With spring break behind us, I feel it is very appropriate to touch on a fear that probably affected about a third of our student population: miss-a-plane-o-phobia. While this particular trepidation might not affect us on a daily basis, when it hits, boy, does it hit hard. Allow me to recount for you my particular run-in with MaP-o-P. What follows - an entry from my personal journal- is a series of events so random, so strangely evil in nature, that it almost hurts to retell. Actually, I take it back. It feels pretty good.
On Thursday the 15 of March, it was 60 degrees outside. I wore a T-shirt.
On Friday the 16 of March, it was 20 degrees and blizzarding. After math class, I hightailed my way to the campus center to catch the Joey from Tufts to Davis. Keep in mind, it's blizzarding outside. The Joey was cram-packed, and just as I managed to carve my self a hole in which to stand, the driver informed us that we were on the wrong bus. Thanks for telling us sooner, butthole.
We all changed busses. I rode the bus to Davis, caught the T to South Station, rode the silver line to Logan, and walked in the door to find a line that quadruple-backed and snaked down the entire ticketing hallway. Maybe 500 people. I got in the line. My blood pressure rose a couple hundred points. I waited in the line. After about an hour and a half, a woman approached me and told me that I was standing in the wrong line. I got out of the line. I walked down the hall. I saw another line, almost equal in length. I got in the line. You may be thinking, "Olivia - silly you. Use a kiosk!" Apparently, every US Air kiosk was down.
There was inclement weather in Washington, D.C., Philadelphia and New York, so just about everyone was screwed. I waited another hour in that line, praying. Just then, a miracle happened. I looked to my left to see a man playing around with a kiosk. He was alone, and semi-lost looking. He hit a few buttons, reached below the machine, and a ticket came out. I was stunned.
I ran over the machine, punched in my confirmation number, and I got my tickets. I thought I was made in the shade. I hightailed it through security to my gate, and was feeling pretty good about myself (my flight was just about the only one on time and scheduled to take off), when the clerk announced that the flight would be coming in a little late. "That's okay," I thought. "I have a two-hour grace period in Charlotte.

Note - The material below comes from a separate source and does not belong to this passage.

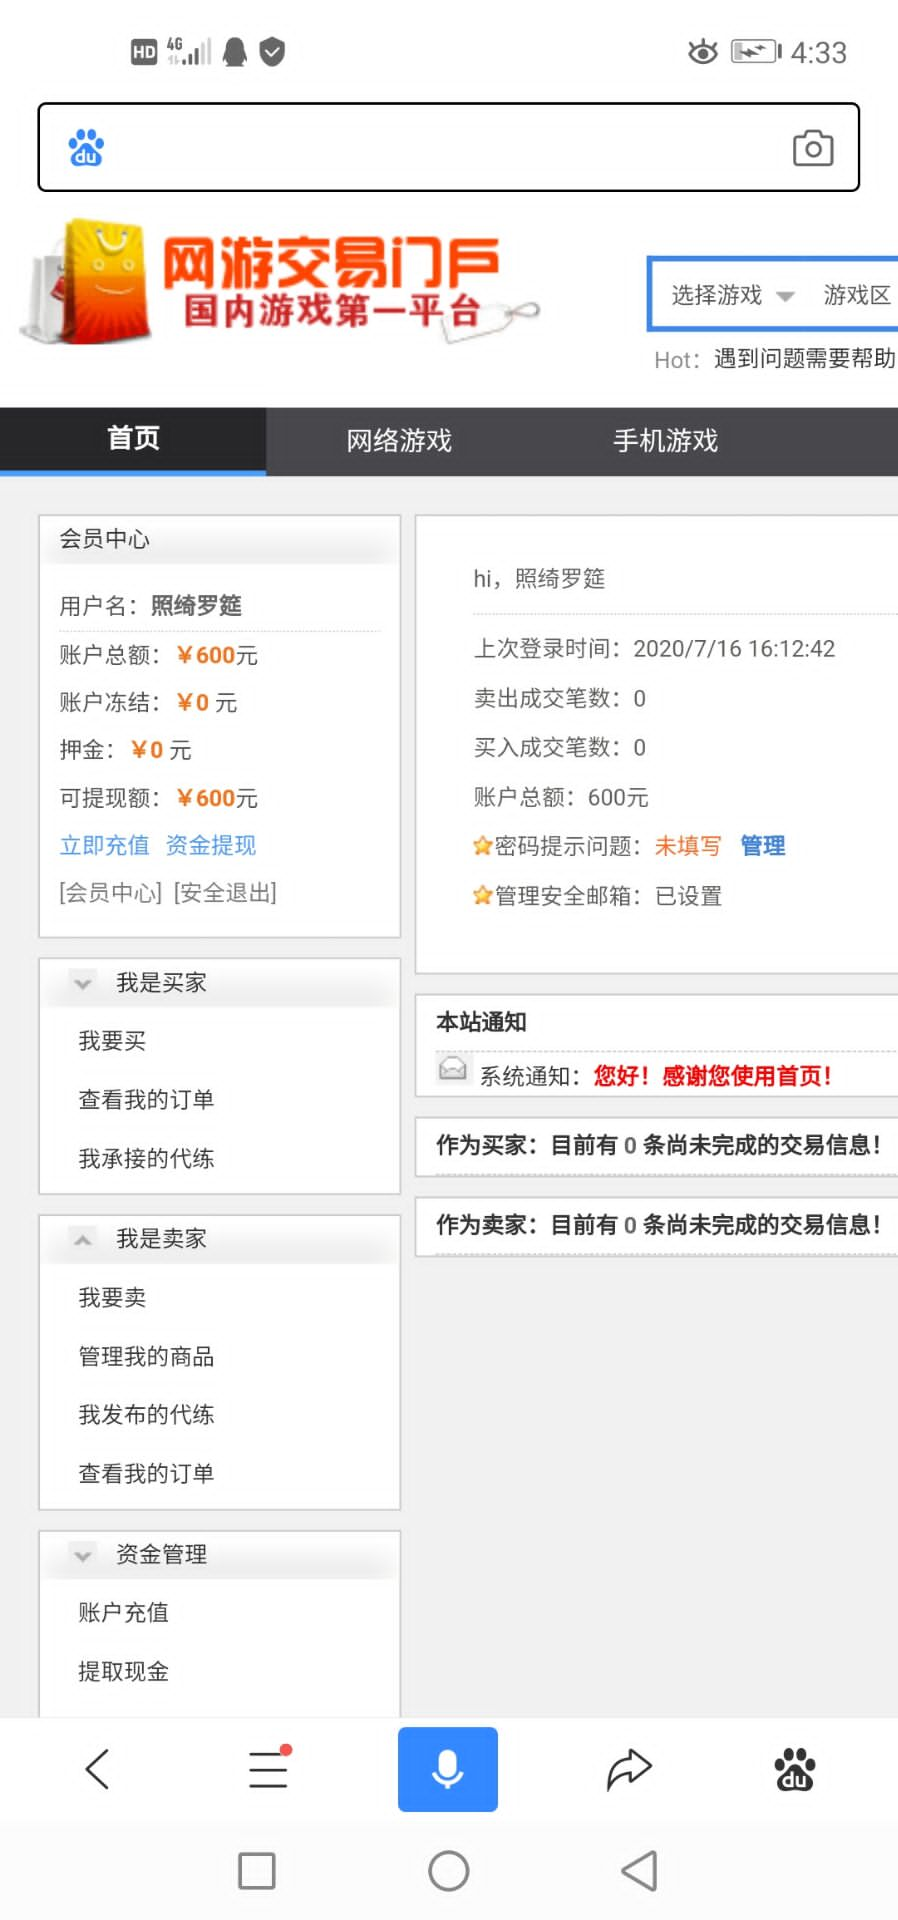 竹木类印刷B1589EBE-15898232
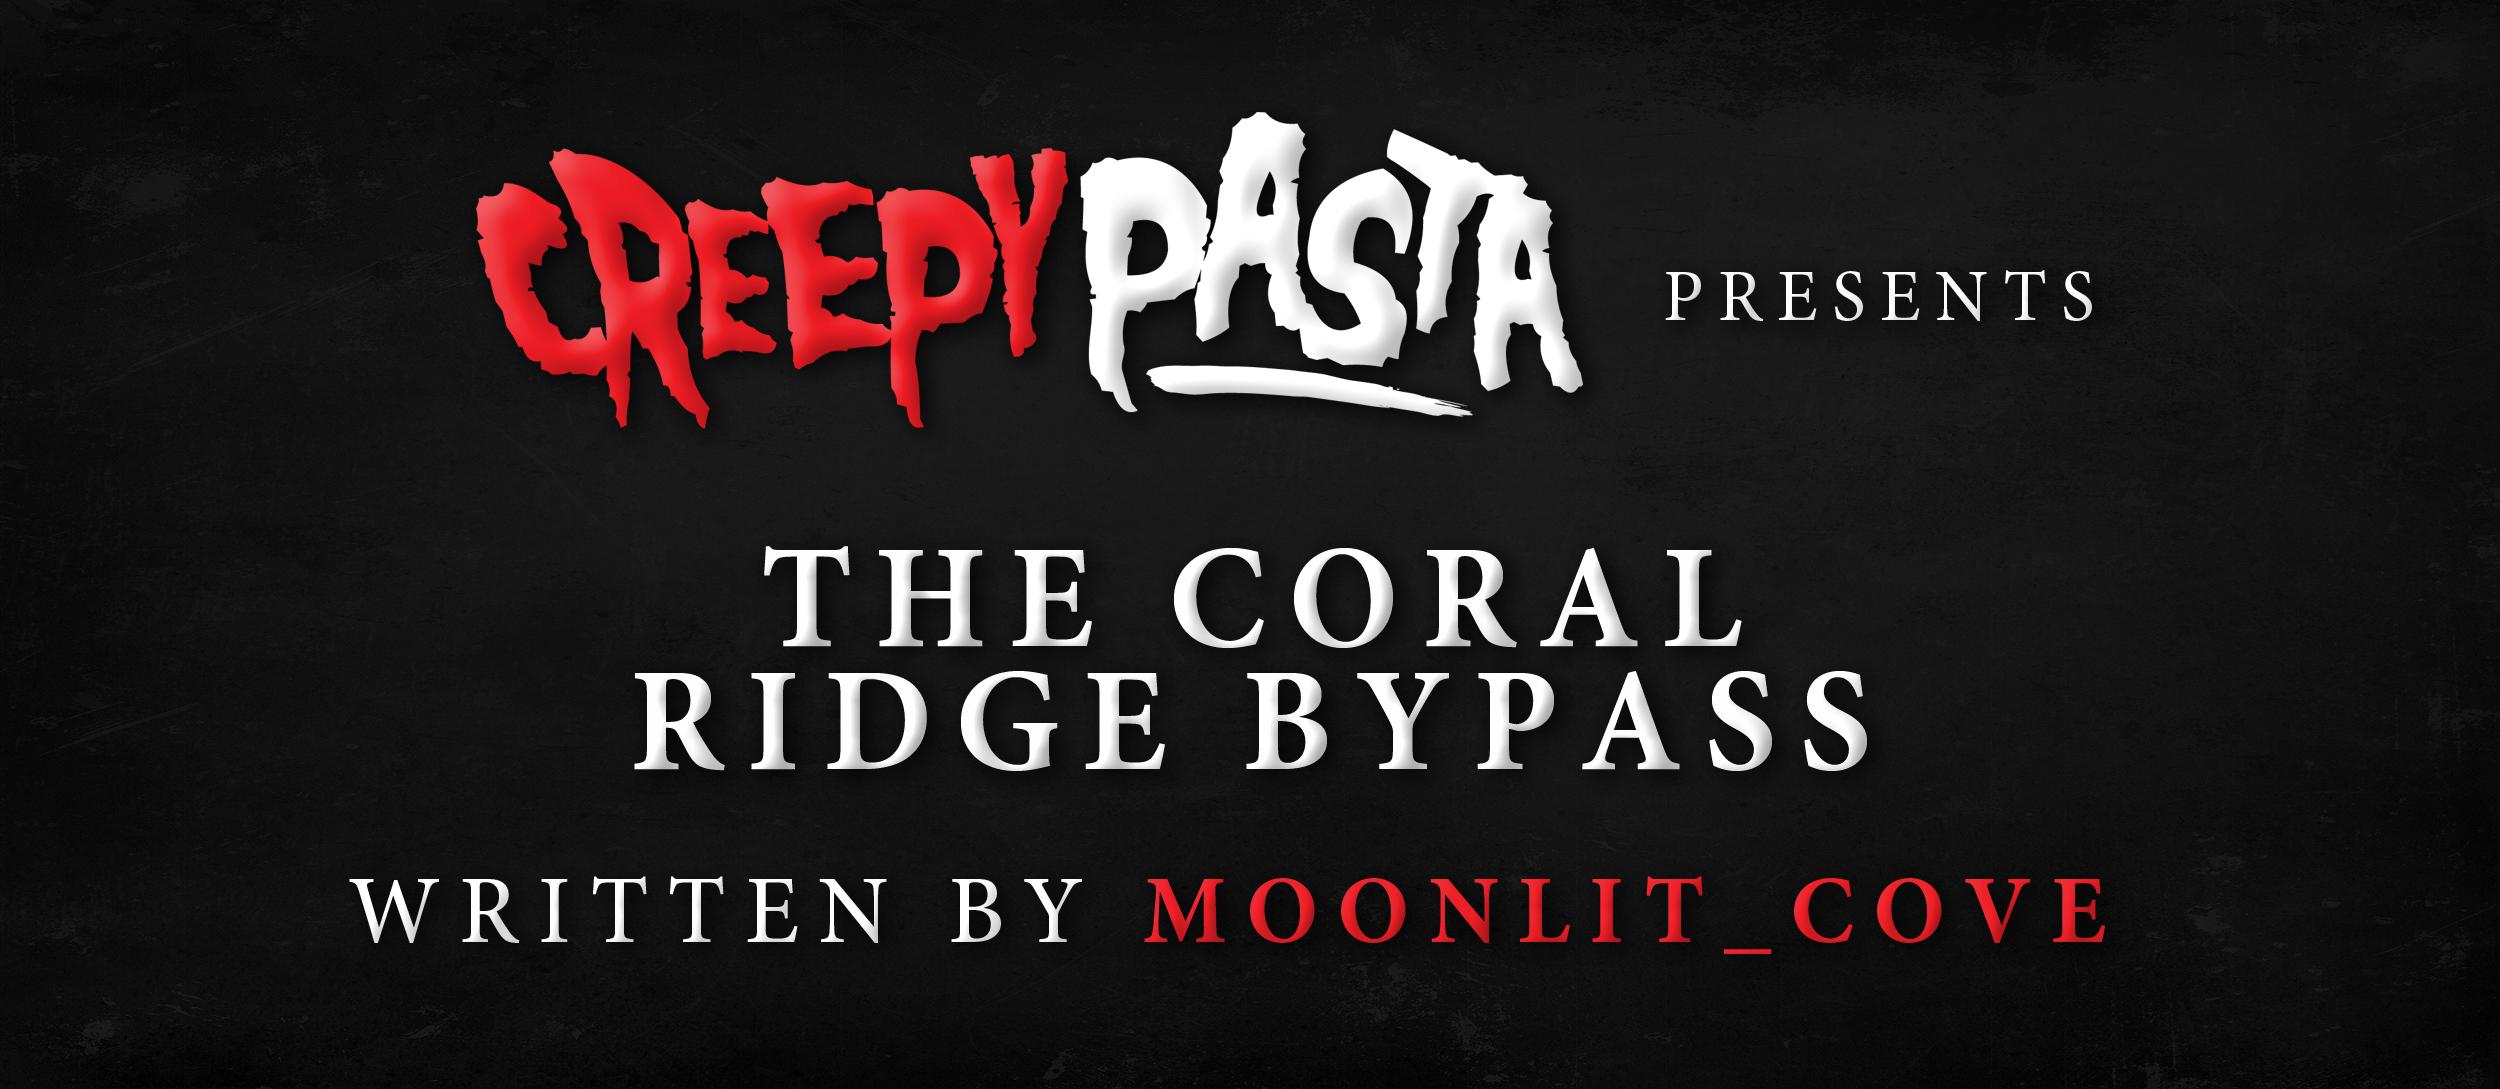 The Coral Ridge Bypass Creepypasta

That flight will probably be put off, too."
At 5:10 p.m., my plane landed. They switched crews, and we were seated on the plane at 6:00 p.m. As we taxied out, the pilot announced that they would be de-icing the wings, and that we might smell some anti-freeze in the cabin, but that we would hopefully be in the air shortly and that we were confirmed for take-off. I closed my eyes, and fell asleep.
I woke up and looked at my watch. It was 7:30 p.m. The man next to me was asleep. I looked to my left expecting to see lofty grey clouds floating past at snail speed as I made my way, mile by mile, towards family and warm, tasty peirogies. I saw a very different sight. A man was standing on a crane, wielding a hose, spraying the wing of the plane violently with anti-freeze. The wind was blowing the anti-freeze back in his face. I went back to sleep.
I woke up and looked at my watch. It was 8:30 p.m. The pilot came on again saying that we would be turning around and heading back to the terminal, and that an agent would be available to help us make arrangements.
The only "arrangements" the "agent" could offer me was a $50 Comfort Inn suite. Thanks, but no thanks.
I came back two days later, seven hours early for my flight. After waiting in line for four hours and waiting at the gate for yet a few more hours, I was told that the flight would be coming in late, that all connecting flights would be missed, and that there were no hotels available in Charlotte.
The sketchy smelly guy next to me looked over and said, "Well, don't worry, I'm sleeping in the airport, too. We can keep each other company." Eeeeep.
And that's how I ended up on the Bonanza Bus.
People have varying ways of dealing with MaP-o-P. Old people get to the airport five hours in advance. Younger people miss their flights. Businessmen get private planes. We come to school so far away from home under the assumption that "home is only a plane ride away," but boy, are we mistaken.
If you look at the idea of missing a plane in a broader sense, it's like missing a golden opportunity. There's only one five-minute window for take-off, and when you let it pass you by, you don't really know when that chance will come again. The airline industry is evil, and fate is unkind.